Sent from my SCH-S735C using Tapatalk


----------



## Huck_It_Baby (Nov 14, 2013)

twinplanx said:


> I wonder if there will be a second backpacking adventure with this girlfriend...?
> 
> Sent from my SCH-S735C using Tapatalk



Haha. Hiking is always something I have done with my new GF's over the years. Maybe it's a compatibility test I like to throw at them.


----------



## twinplanx (Nov 14, 2013)

^Fair enough.  Good luck ;-) 

Sent from my SCH-S735C using Tapatalk


----------



## Nick (Nov 14, 2013)

Huck_It_Baby said:


> Haha.

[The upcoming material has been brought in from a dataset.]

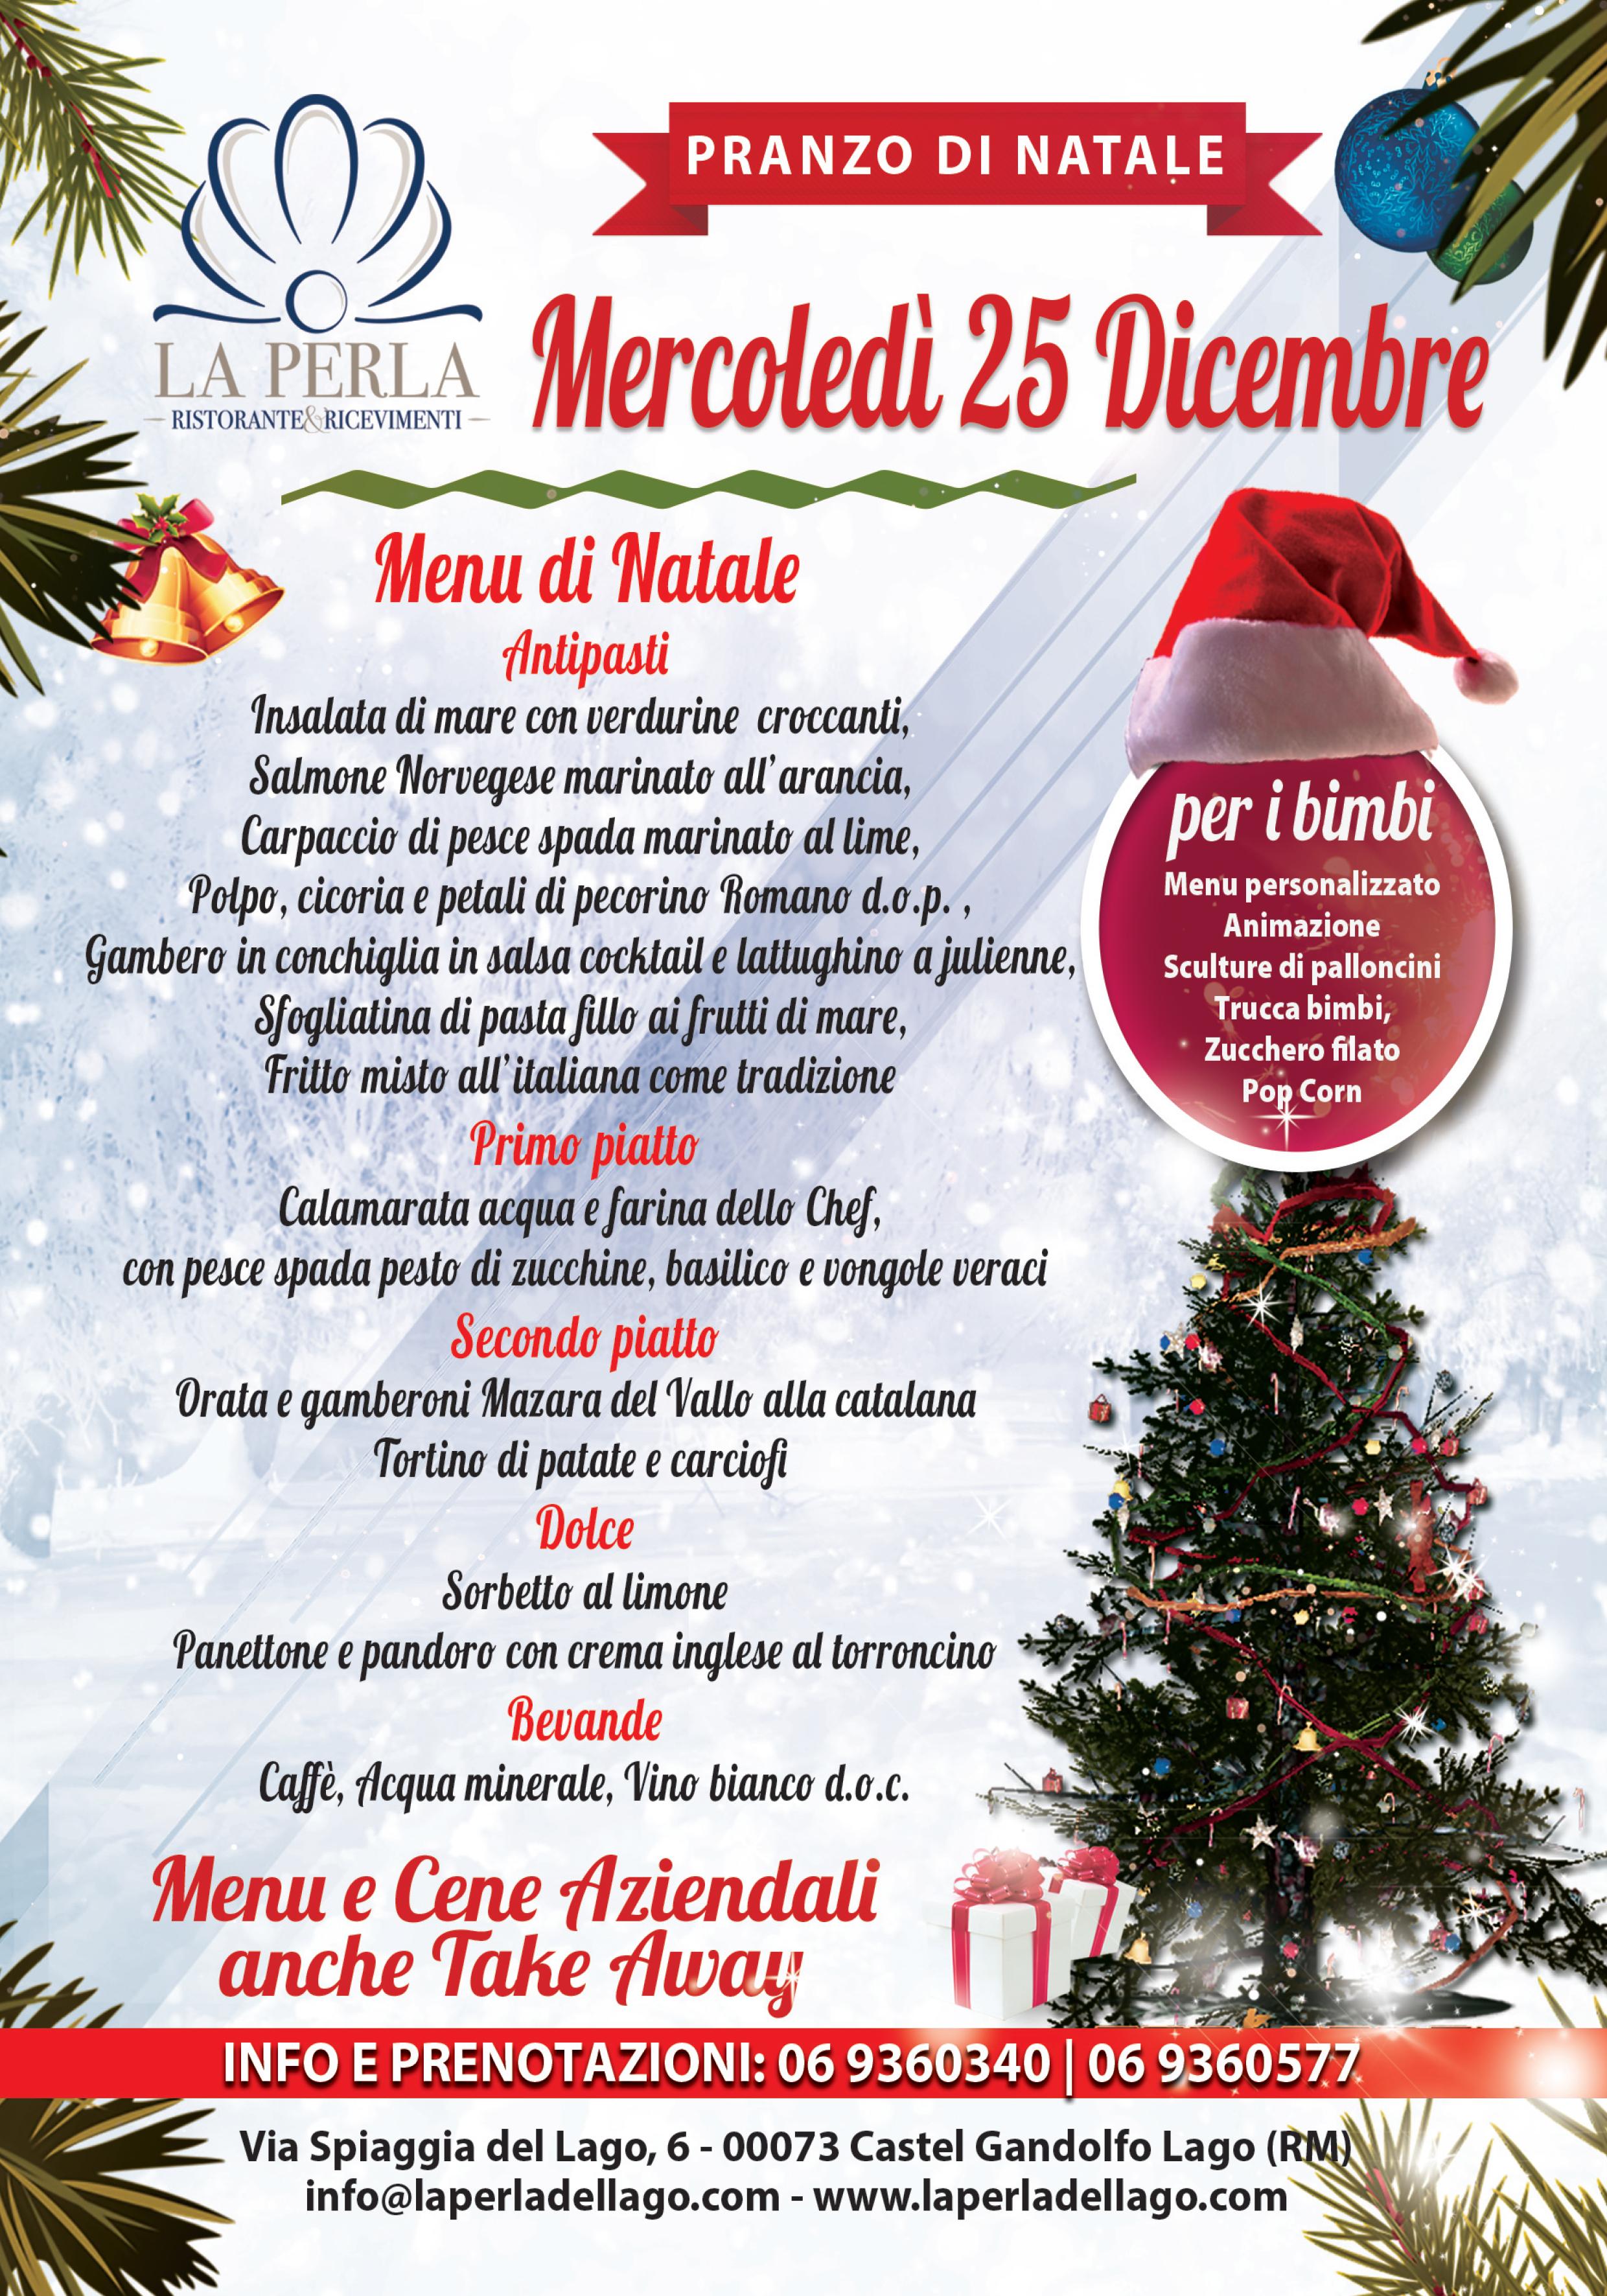 Menu di Natale 2019 ristorante la perla castel gandlfo

Hiking is always something I have done with my new GF's over the years. Maybe it's a compatibility test I like to throw at them.



Compatibility test :lol:


----------



## bangarang (Nov 18, 2013)

We've been exploring a bunch of the Holyoke mountain range, right by Hadley/Amherst area.  I'm sure you could link some trails together and do a long day hike.


----------



## Abubob (Nov 21, 2013)

The Appalachian Trail runs through Western Mass and Mt Greylock (as mentioned earlier).

http://www.roadtripusa.com/routes/appalachiantrail/massachusetts/app_southegremont.html

http://joeliles.chunkyboy.com/?p=833


----------



## Fenderjelly (Jan 16, 2014)

Huck_It_Baby said:


> Haha. Hiking is always something I have done with my new GF's over the years. Maybe it's a compatibility test I like to throw at them.

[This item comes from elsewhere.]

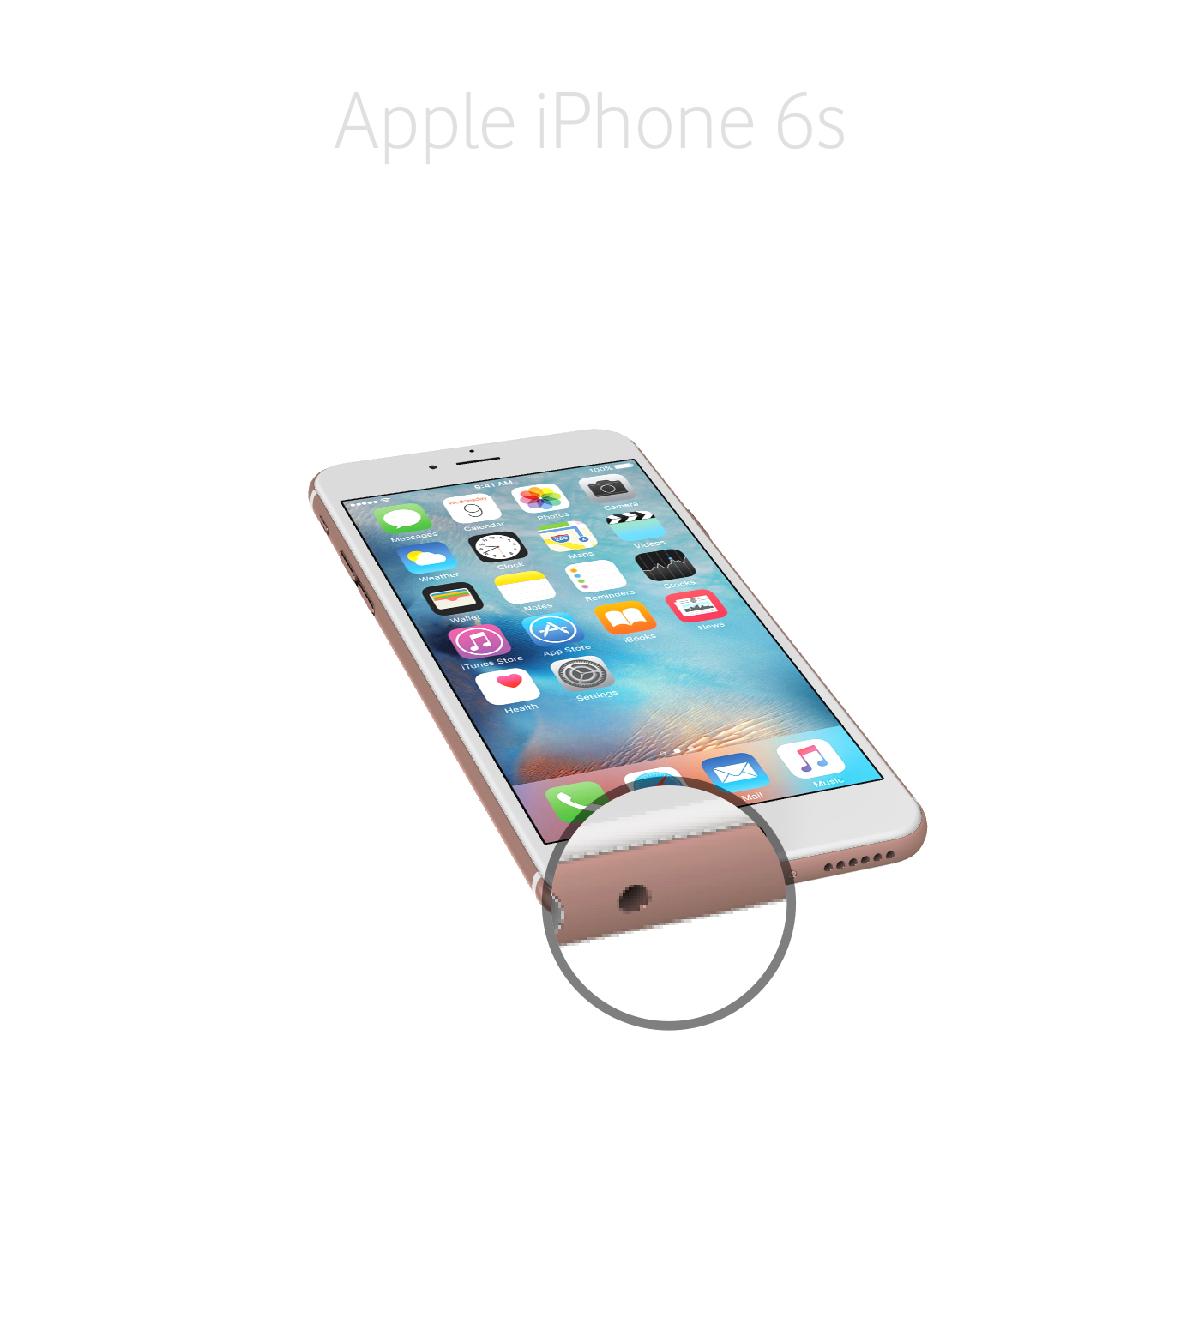 Laga audiokontakt iPhone 6s

Ha! We have survived a few hiking trips so far. Now to see if we will survive the cycling trips when spring rolls around!


----------



## Fenderjelly (Jan 16, 2014)

Awesome! I lived in WV for 4 years and did several sections of the Appalachian trail. I somehow always forget that it isn't really that far away.


----------



## ijenn (Jan 18, 2014)

I would definitely recommend Copake Falls in southwestern Mass or Eastern NY! It's beautiful out there and a short hike to the falls, with the opportunity to do longer ones on the Long Trail. There are also cabins and campsites to rent!


----------



## McBoggers (Jan 27, 2014)

Abubob said:


> The Appalachian Trail runs through Western Mass and Mt Greylock (as mentioned earlier).
> 
> http://www.roadtripusa.com/routes/appalachiantrail/massachusetts/app_southegremont.html
> 
> http://joeliles.chunkyboy.com/?p=833



Also looking for hiking trips with the wife, this is great


----------



## bigbog (Feb 4, 2014)

Fenderjelly said:


> Ha! We have survived a few hiking trips so far. Now to see if we will survive the cycling trips when spring rolls around!


Don't rule out early-late Spring for hiking.


----------